Thin AI content fails on almost every dimension here. It tends to be vague, to avoid specific claims, and to pad word counts without adding information. It is the opposite of what a retrieval system wants. Google's own guidance on helpful content - the criteria it uses in its quality assessments - aligns closely with what makes content citable by an AI system: first-hand knowledge, clear answers, demonstrated expertise, and content written primarily for people rather than algorithms.

This is the direct connection between the SEO quality discussion and GEO visibility. A piece of content that would pass a Google quality review for helpful content is also the kind of content that has a realistic chance of being surfaced in an AI Overview or referenced in a ChatGPT response. The underlying criteria are not identical, but they are far more aligned than most people assume.

Using AI Well - Without Producing Forgettable Content

None of this is an argument against using AI in content production. That would be a misreading of the situation. AI tools are genuinely useful for research, structuring, editing, and accelerating output. The question is how they are being used within a broader content process, not whether they are being used at all.

A content piece that starts with real input from a subject matter expert, gets structured with AI assistance, and is reviewed and sharpened by an experienced writer before publication is not thin content. It is efficient content production with human quality control at the critical points. That is meaningfully different from pointing a language model at a keyword, accepting the first draft, and publishing it without review.

For brands with genuine expertise - a specialist consultancy, a manufacturer with deep product knowledge, a financial advisory firm with years of sector experience - AI tools should be amplifying that expertise, not replacing it. The proprietary knowledge is the asset. AI can help you produce it faster and in more formats. It cannot manufacture it from nothing.

The GEO Implication for Content Audits

If your brand is investing in AI visibility - trying to appear in AI Overviews, earn citations in Perplexity, or be recommended by ChatGPT in response to relevant queries - a content audit is not optional. The question you need to answer is whether your existing content would be considered genuinely helpful by a human expert in your field. Not whether it is optimised, not whether it hits a word count, but whether it actually says something useful.

Practically, this means identifying pages where the content adds little beyond what a language model could generate in thirty seconds from publicly available information. Those pages are not contributing to your GEO visibility - they may actively be diluting the authority signals associated with your domain. Consolidating or substantially improving them is a higher priority than producing more content of the same type.

It also means thinking carefully about content formats. Long-form explainers with genuine depth, original analysis, direct answers to specific questions, and content that references real experience all tend to perform better as citation candidates. These formats take more effort to produce well, which is precisely why AI-generated volume content will not compete with them. That is the strategic opportunity - not publishing more, but publishing things that AI systems actually want to reference.

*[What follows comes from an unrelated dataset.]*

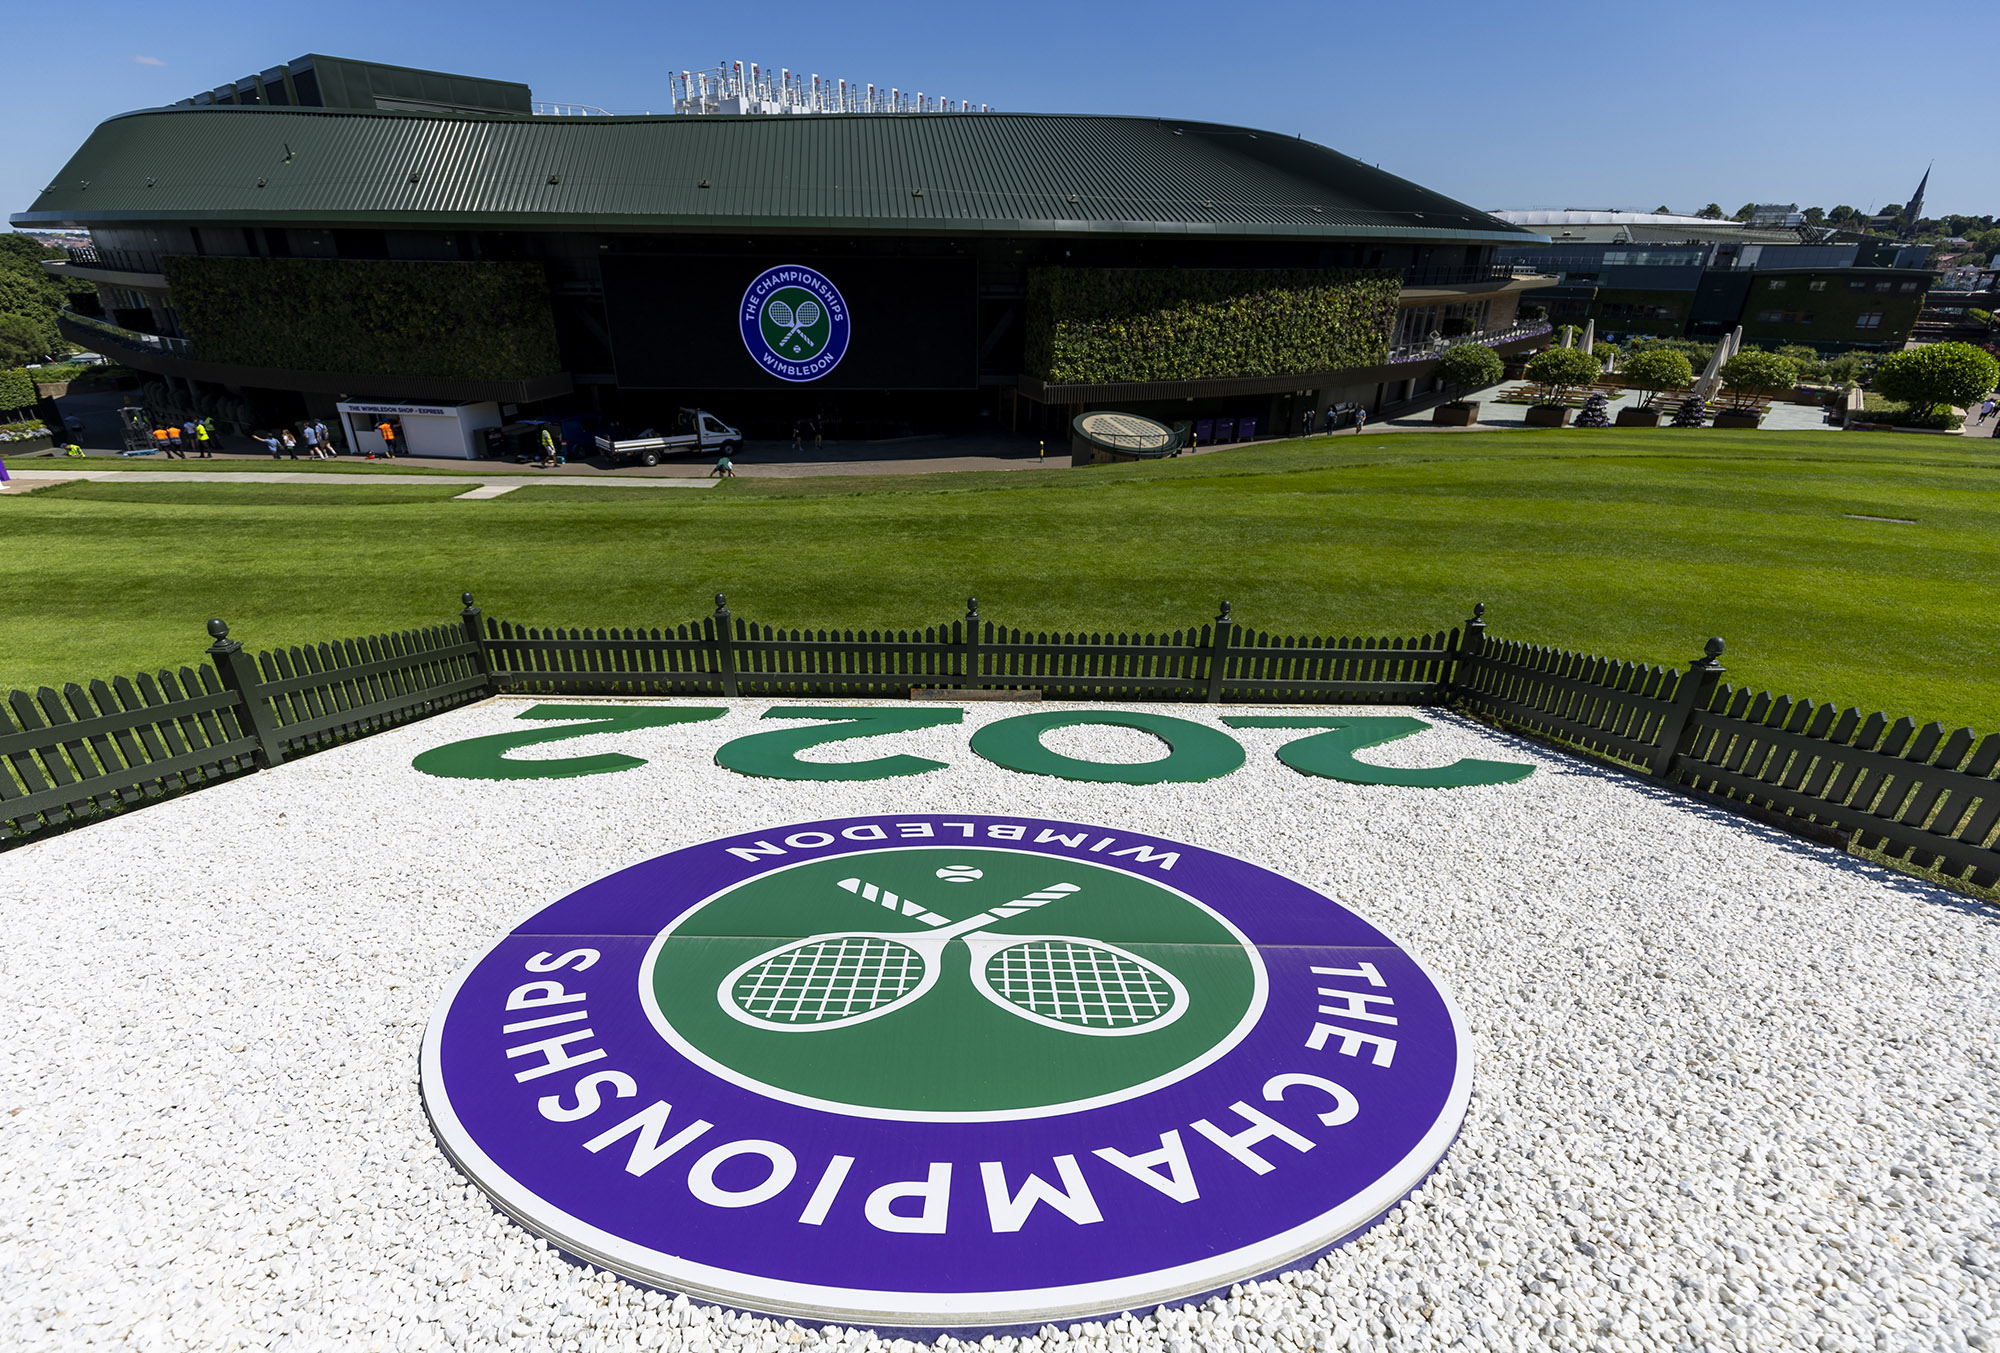 General view of the 2022 tournament logo ahead of the 2022 Wimbledon Championship at the All England Lawn Tennis and Croquet Club, Wimbledon. Picture date: Wednesday June 22, 2022.

Quality Has Always Been the Answer

The core point from the Ahrefs analysis is simple: Google's standards have not fundamentally changed. Helpful, expert, original content has always been what search systems reward. AI tools have changed the economics of content production - dramatically lowering the cost of creating something mediocre - but they have not changed what good content looks like.

For brands building a GEO strategy in 2026, this is clarifying rather than complicated. You do not need to worry about whether your content was written with AI assistance. You need to worry about whether it is genuinely good. If it is, the mechanisms that make it rank in organic search are largely the same mechanisms that make it citable by AI search engines. That alignment is worth building a content strategy around.